Parents' Humor Boosts Child Relationships, Study Finds

Penn State

UNIVERSITY PARK, Pa. — They say that laughter is the best medicine, but it could be a good parenting tool too, according to a new study led by researchers from Penn State.

In a pilot study, the research team found that most people viewed humor as an effective parenting tool and that a parent or caregiver's use of humor affected the quality of their relationship with their children. Among those whose parents used humor, the majority viewed their relationship with their parents and the way they were parented in a positive light. The researchers published their findings in the journal PLOS One.

"Humor can teach people cognitive flexibility, relieve stress, and promote creative problem solving and resilience," said Benjamin Levi, professor of pediatrics and humanities at Penn State College of Medicine and senior author of the study. "My father used humor and it was very effective. I use humor in my clinical practice and with my own children. The question became, how does one constructively use humor?"

While aspects of humor and play have been studied across various settings and in child development, the use of humor in parenting hasn't been formally studied, the researchers said.
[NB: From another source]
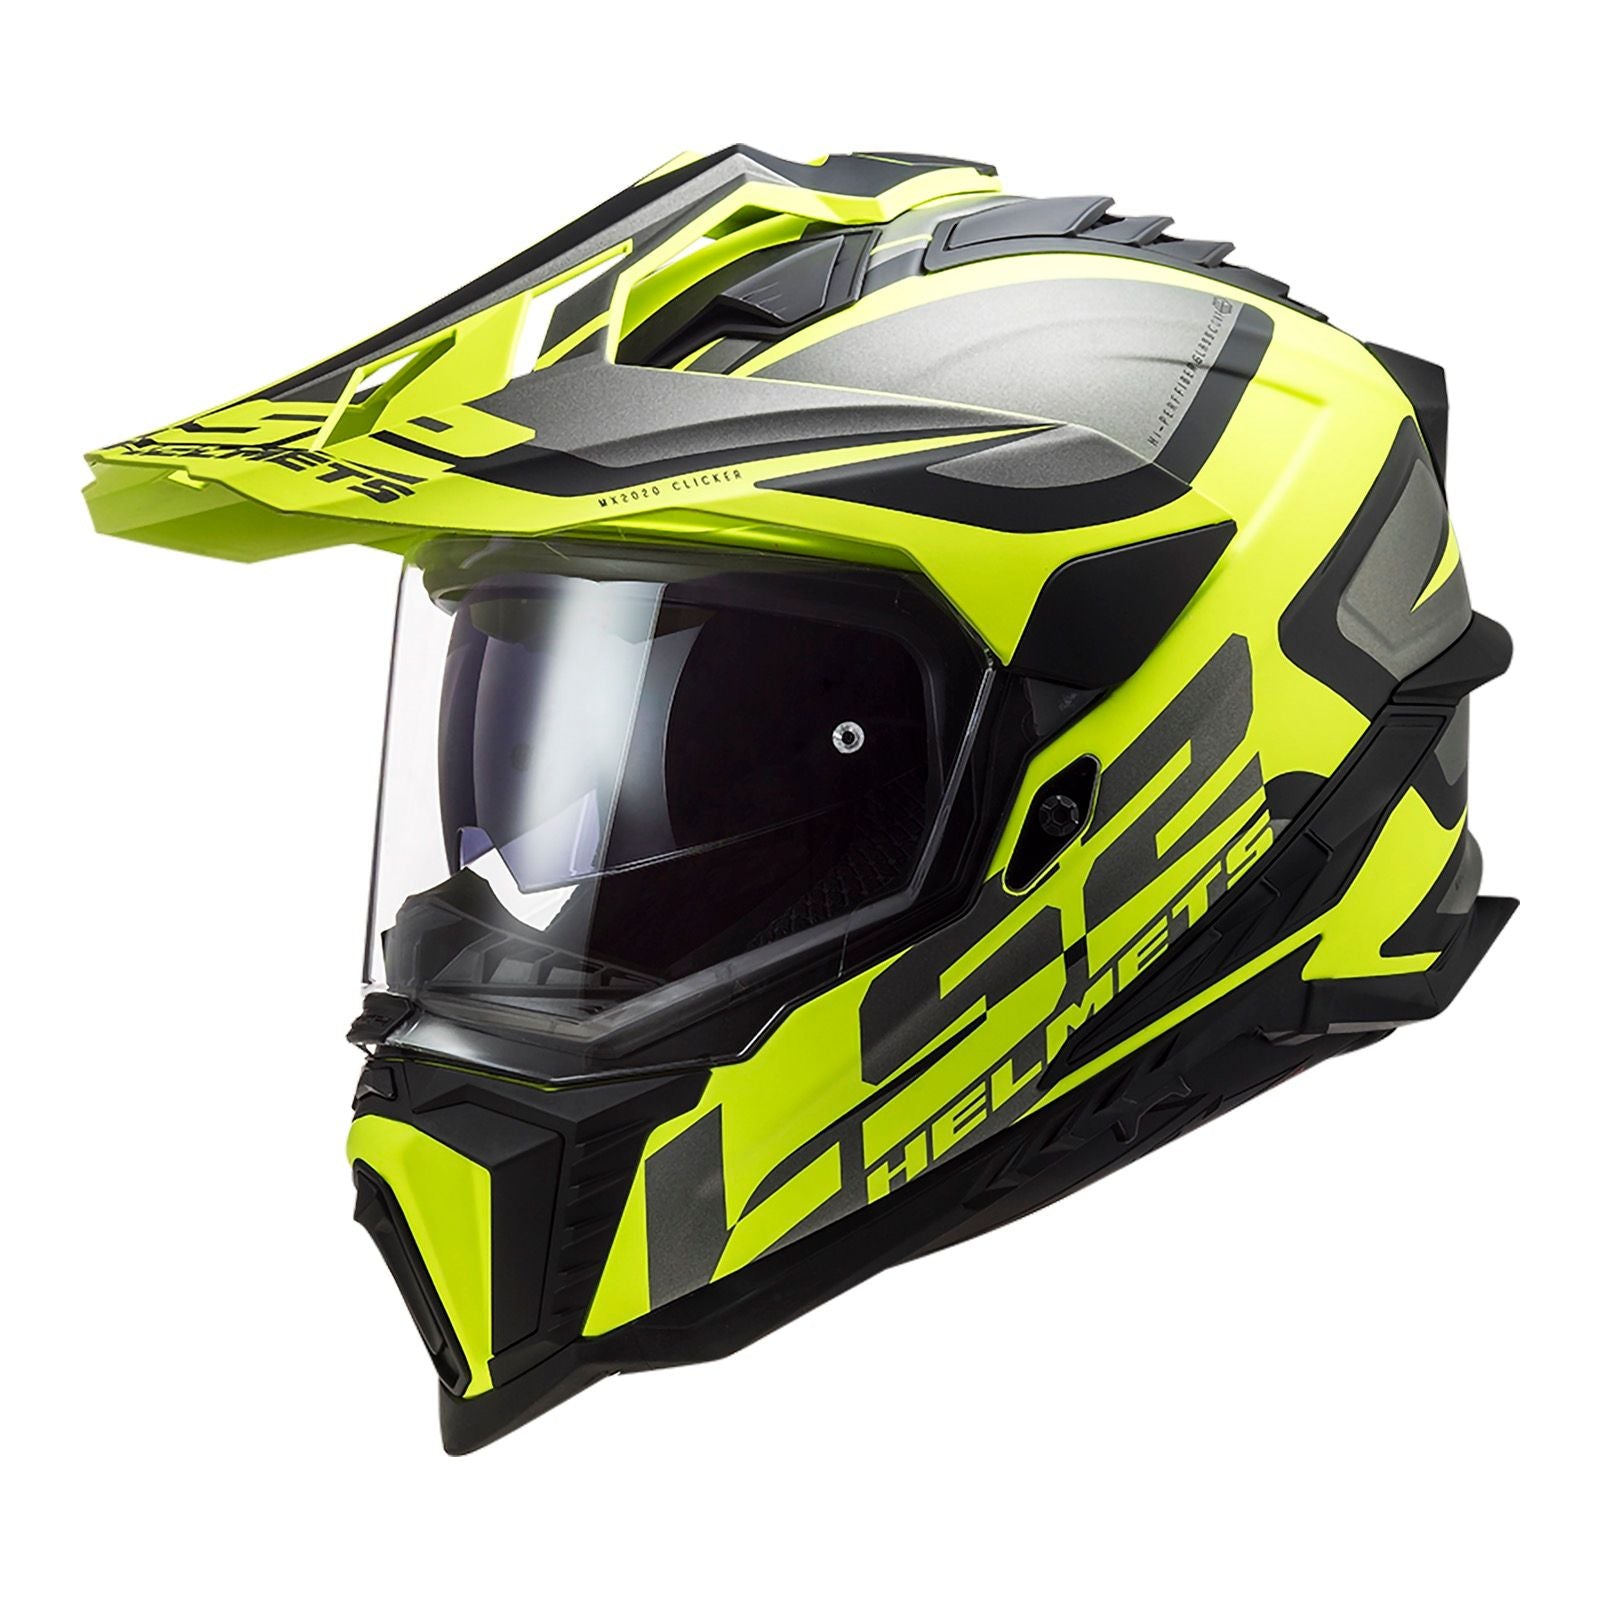 New LS2 Explorer Alter Helmet - Matte Black / Hi-Vis (M) #LS2MX701ALTMBYM

"There's an interesting parallel between business and parenting, which are both hierarchical. In business, humor has been shown to help reduce hierarchies, create better environments for collaboration and creativity and diffuse tension," said first author Lucy Emery, who was a medical student at Penn State College of Medicine at the time of the research and currently a pediatrics resident at Boston Children's Hospital. "While parent-child relationships are more loving than business relationships, stressful situations happen a lot when parenting. Humor can help diffuse that tension and hierarchy and help both parties feel better about a stressful situation."

This preliminary research was a first step to examine how people view the relationship between humor, their experience being parented and their experience of parenting. The study will help lay the groundwork for understanding how to use humor constructively and the kinds of situations that are riskier for using humor.
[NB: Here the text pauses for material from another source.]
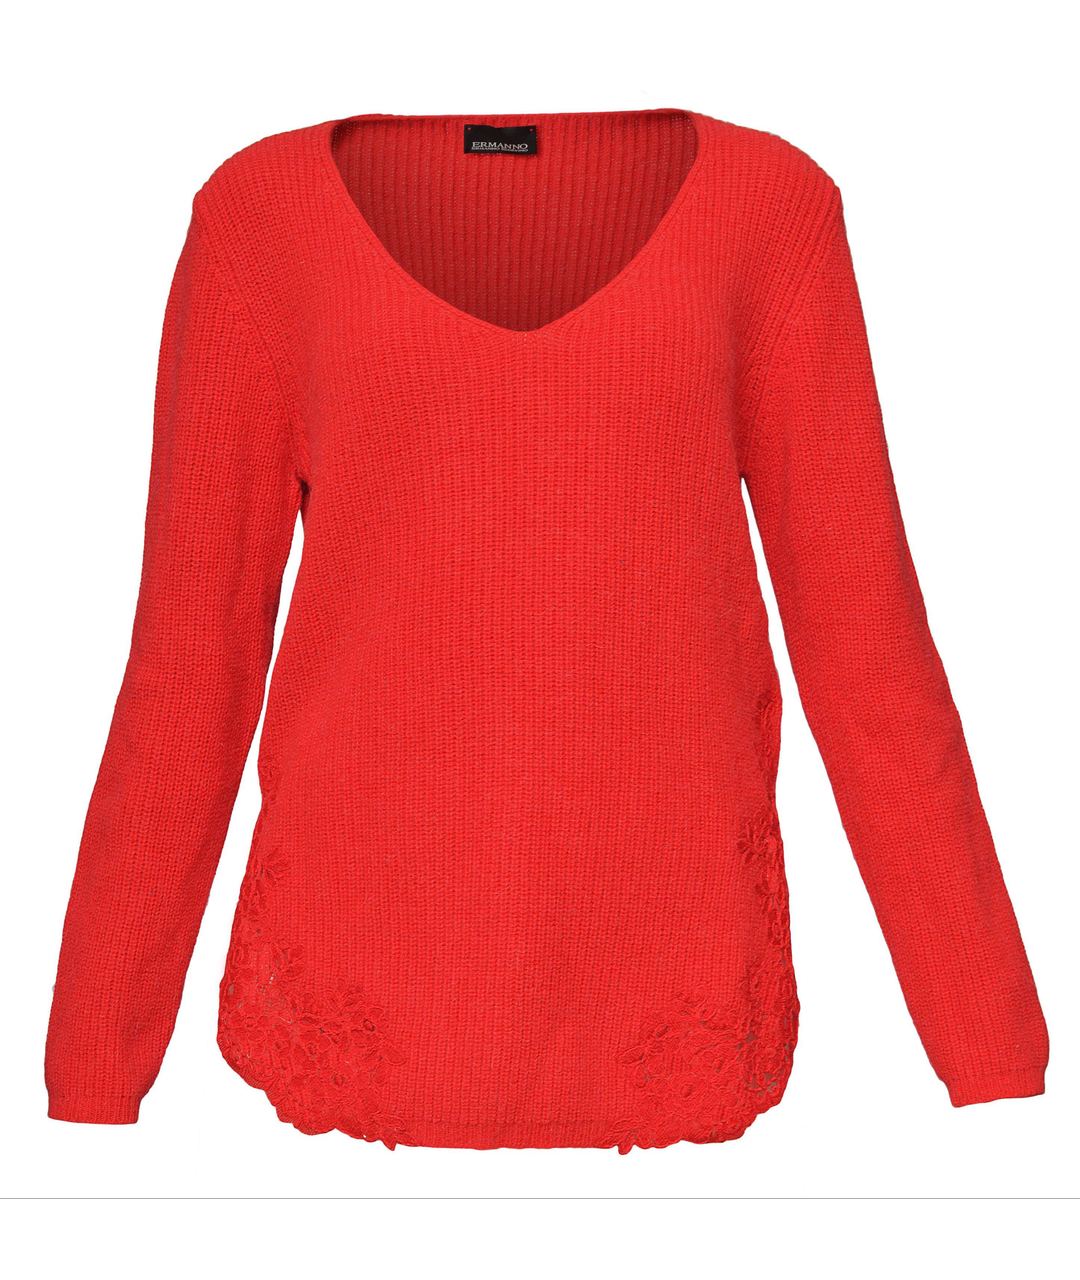 ERMANNO SCERVINO Красный шерстяной джемпер / свитер, фото 1

They surveyed 312 people between the ages of 18 and 45. More than half said they were raised by people who used humor and 71.8% agreed that humor can be an effective parenting tool. The majority said they do or plan to use humor with their children and believe that it has more potential benefit than harm.

The team also found a correlation between a parent's use of humor and the way their children, who are now adults, viewed the way they were parented and their relationship with their parents. Of those who reported that their parents used humor, 50.5% said they had a good relationship with their parents and 44.2% reported they felt their parents did a good job parenting them. On the other hand, of those who said their parents didn't use humor, only 2.9% reported a good relationship with their parents and 3.6% reported that they thought their parents did a good job parenting them.

While it's not surprising that parents would use humor with their children if they were raised by caregivers who did the same, Levi said the stark differences between the two groups was unexpected.

The research team is expanding on this preliminary study and are surveying a larger and more diverse cohort of parents as well as collecting qualitative research based on parents' experience using humor.

"My hope is that people can learn to use humor as an effective parenting tool, not only to diffuse tension but develop resilience and cognitive and emotional flexibility in themselves and model it for their children," Levi said.

Erik Lehman, biostatistician at Penn State, and Anne Libera, director of comedy studies at Chicago's The Second City, also contributed to the paper.

The humanities department at Penn State College of Medicine helped support this work.